INFORMATION SUPPLIED —
┄┄┄┄┄┄┄┄┄┄

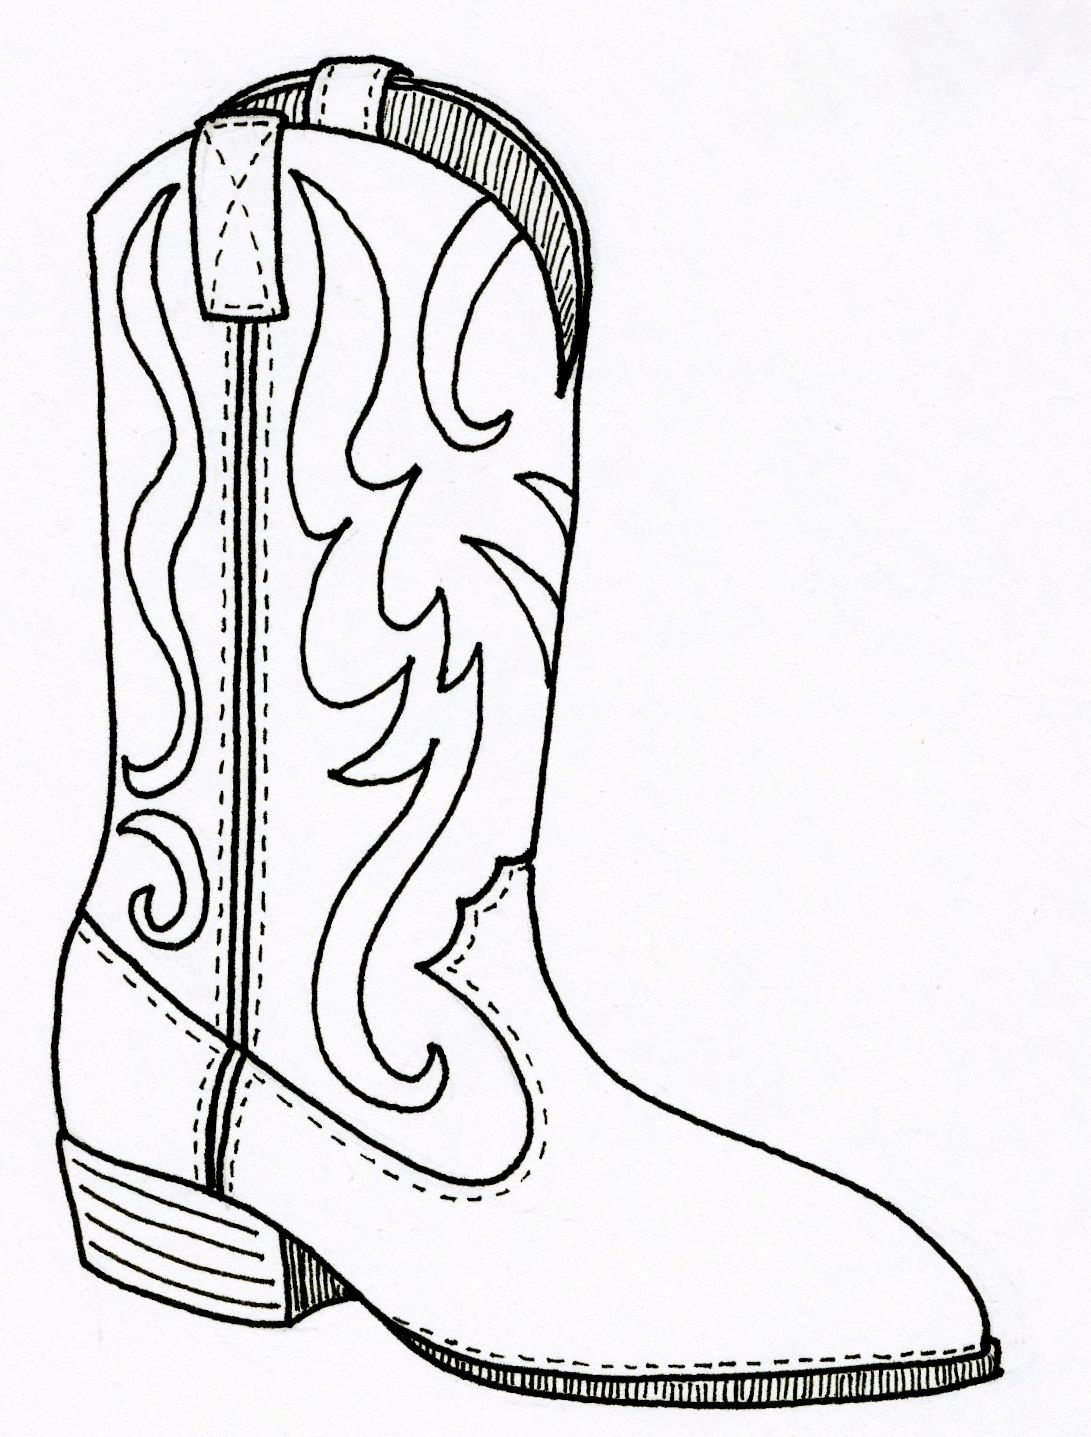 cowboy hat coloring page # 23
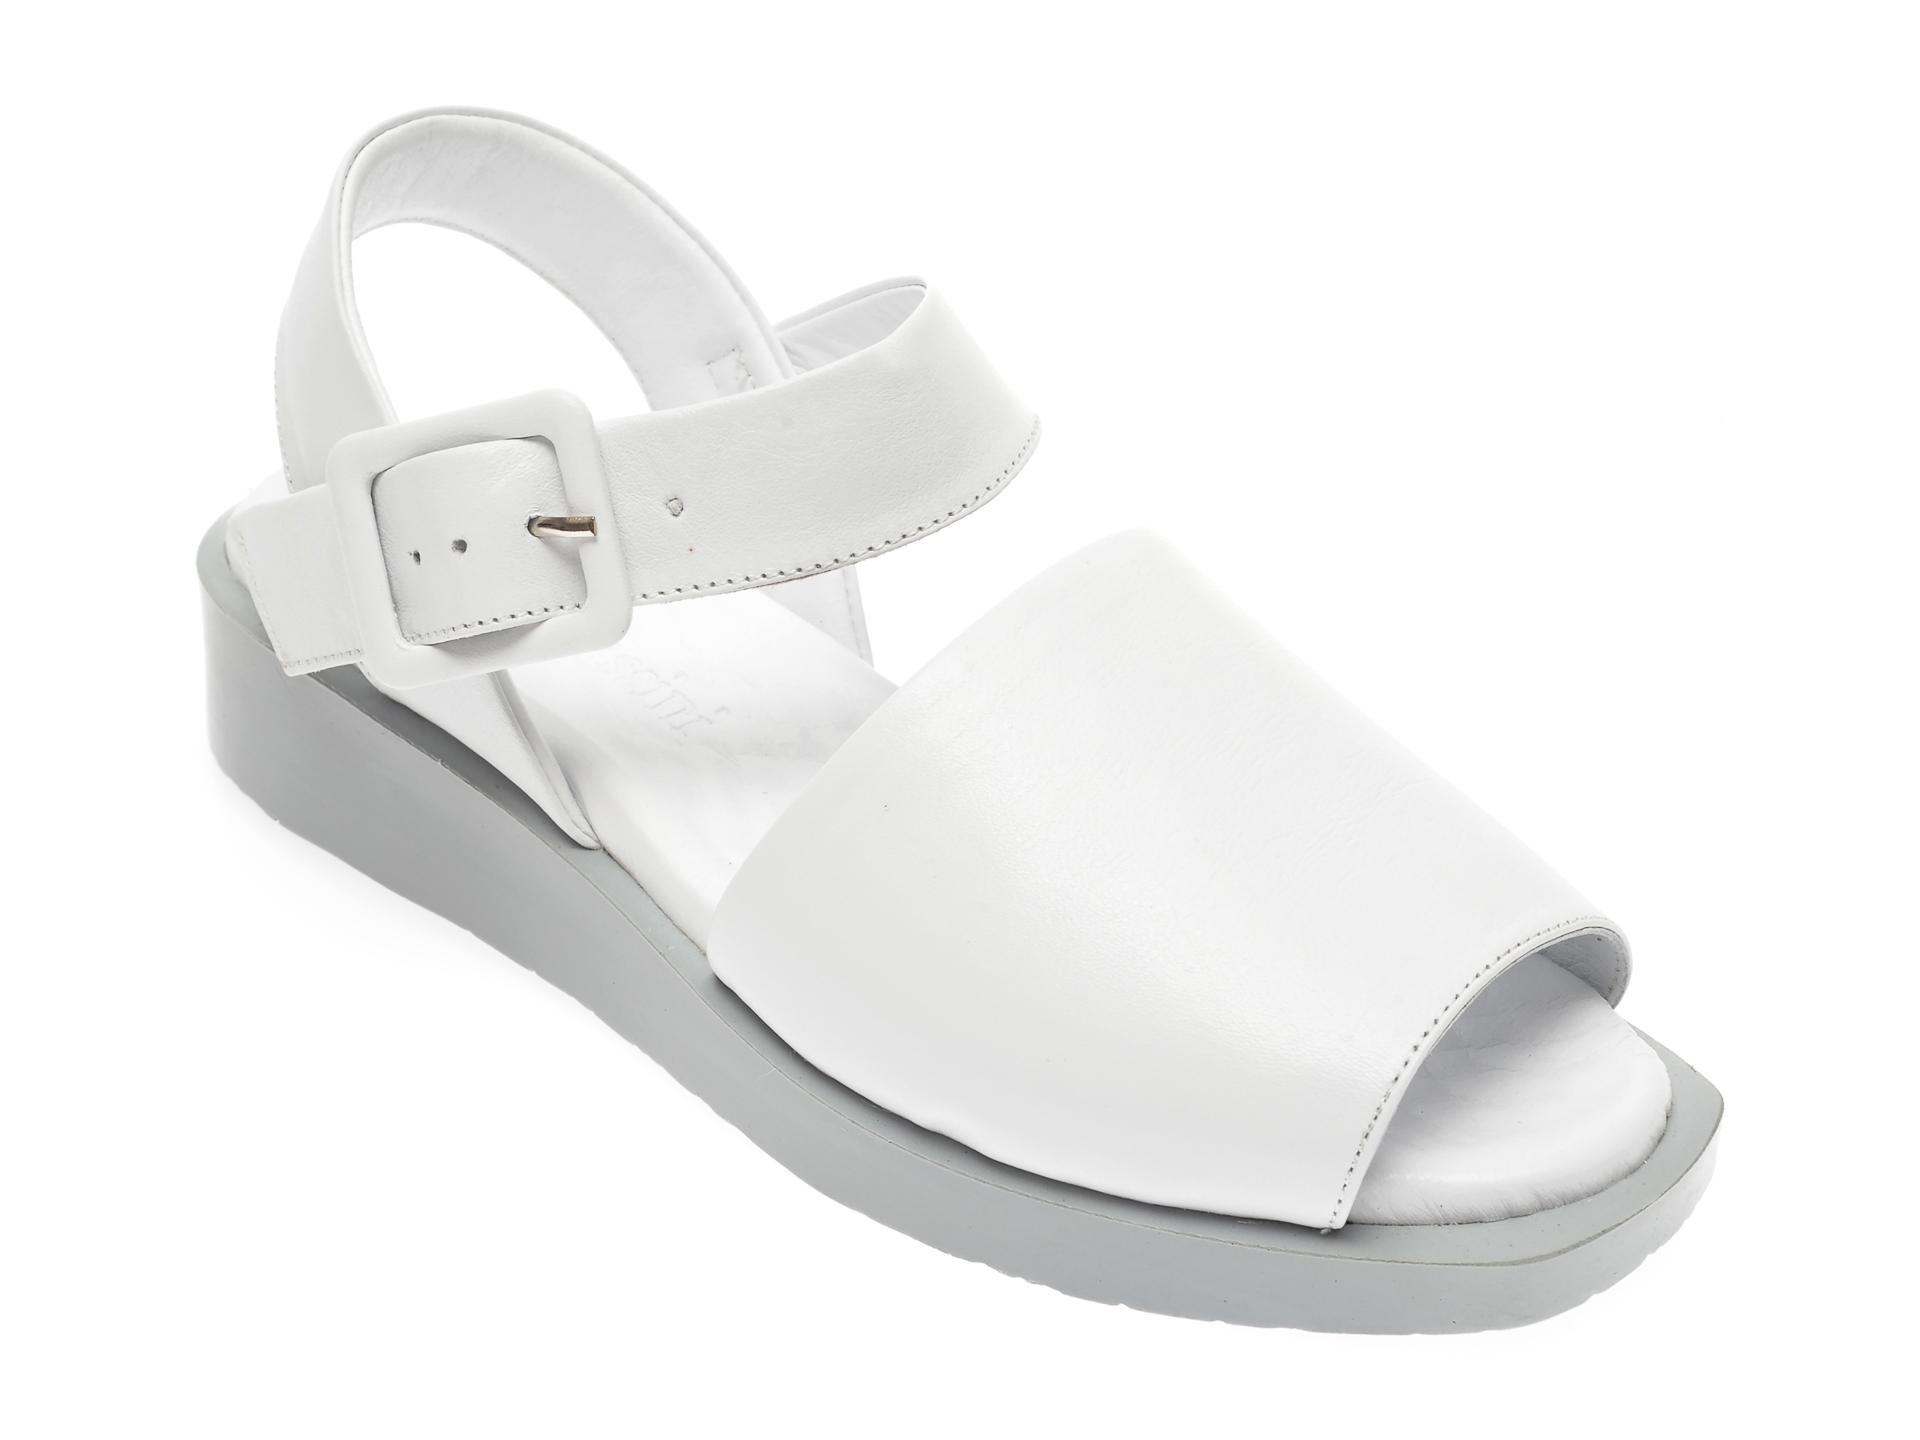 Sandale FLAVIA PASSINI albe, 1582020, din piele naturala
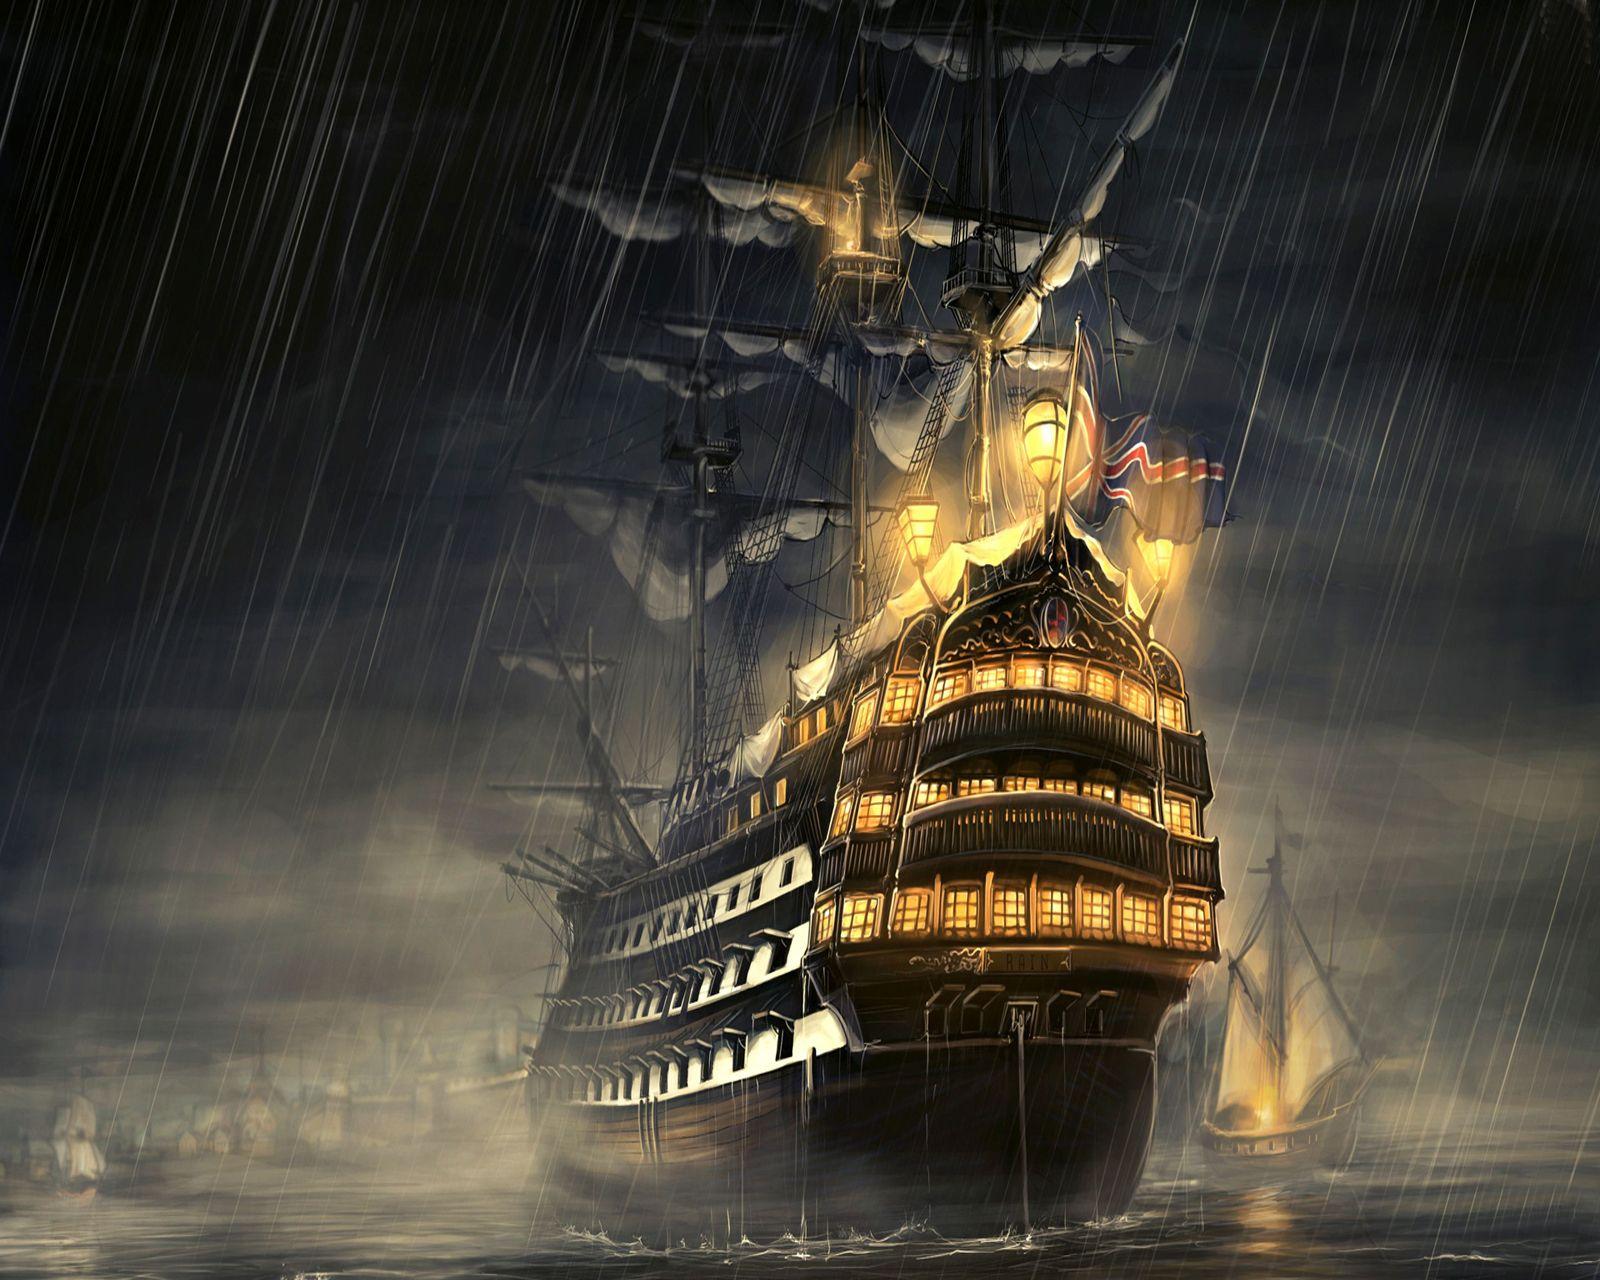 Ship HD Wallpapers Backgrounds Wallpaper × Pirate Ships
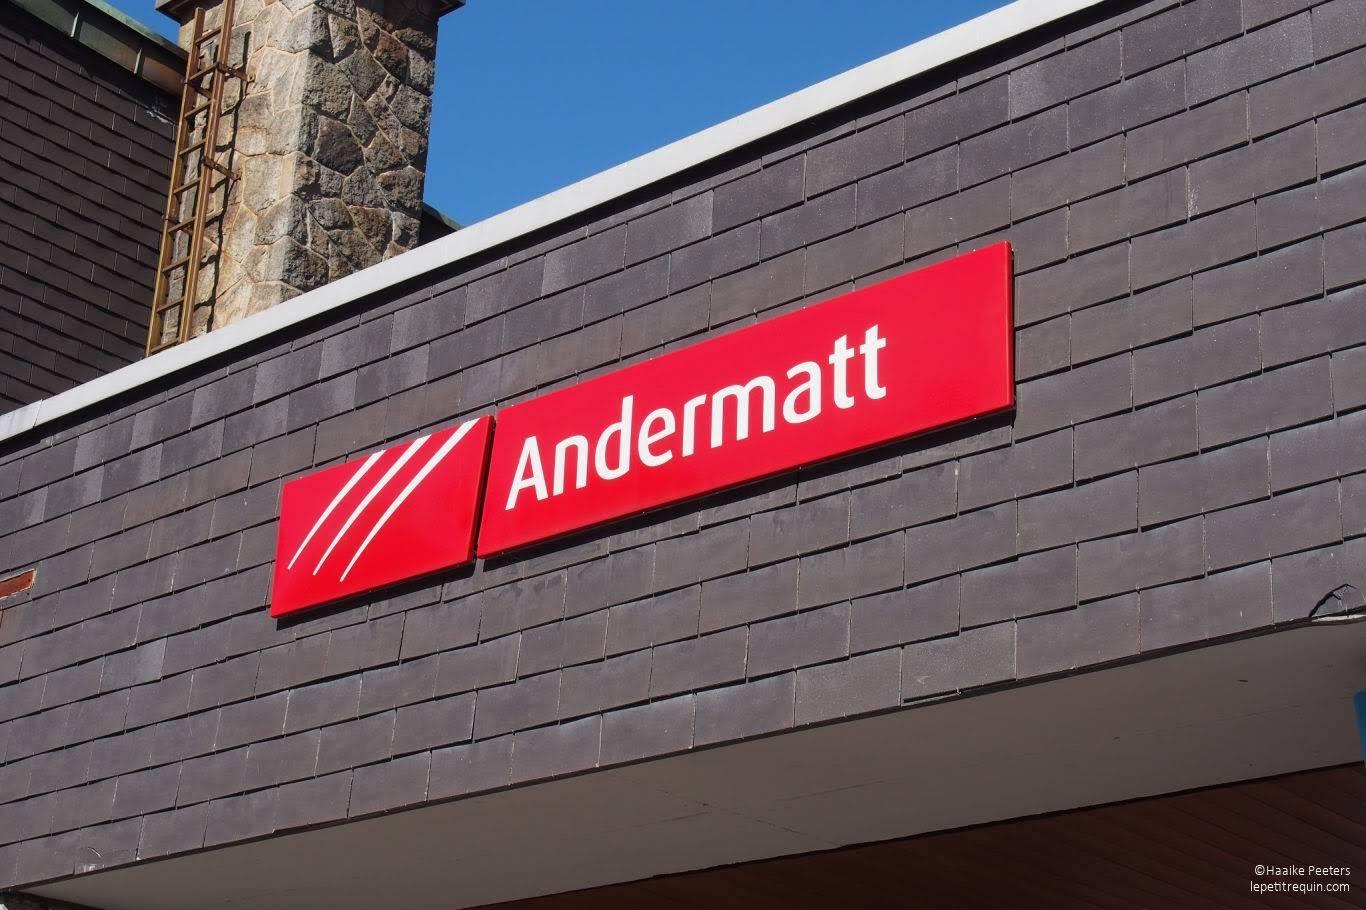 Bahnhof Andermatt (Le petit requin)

┄┄┄┄┄┄┄┄┄┄

DIRECTIONS —
Leave the pictures aside. Set down exactly the lines from the one with "Ship HD Wallpapers" through the final line of the listing above.

ANSWER TO THIS EXERCISE —
 Ship HD Wallpapers Backgrounds Wallpaper × Pirate Ships
 Bahnhof Andermatt (Le petit requin)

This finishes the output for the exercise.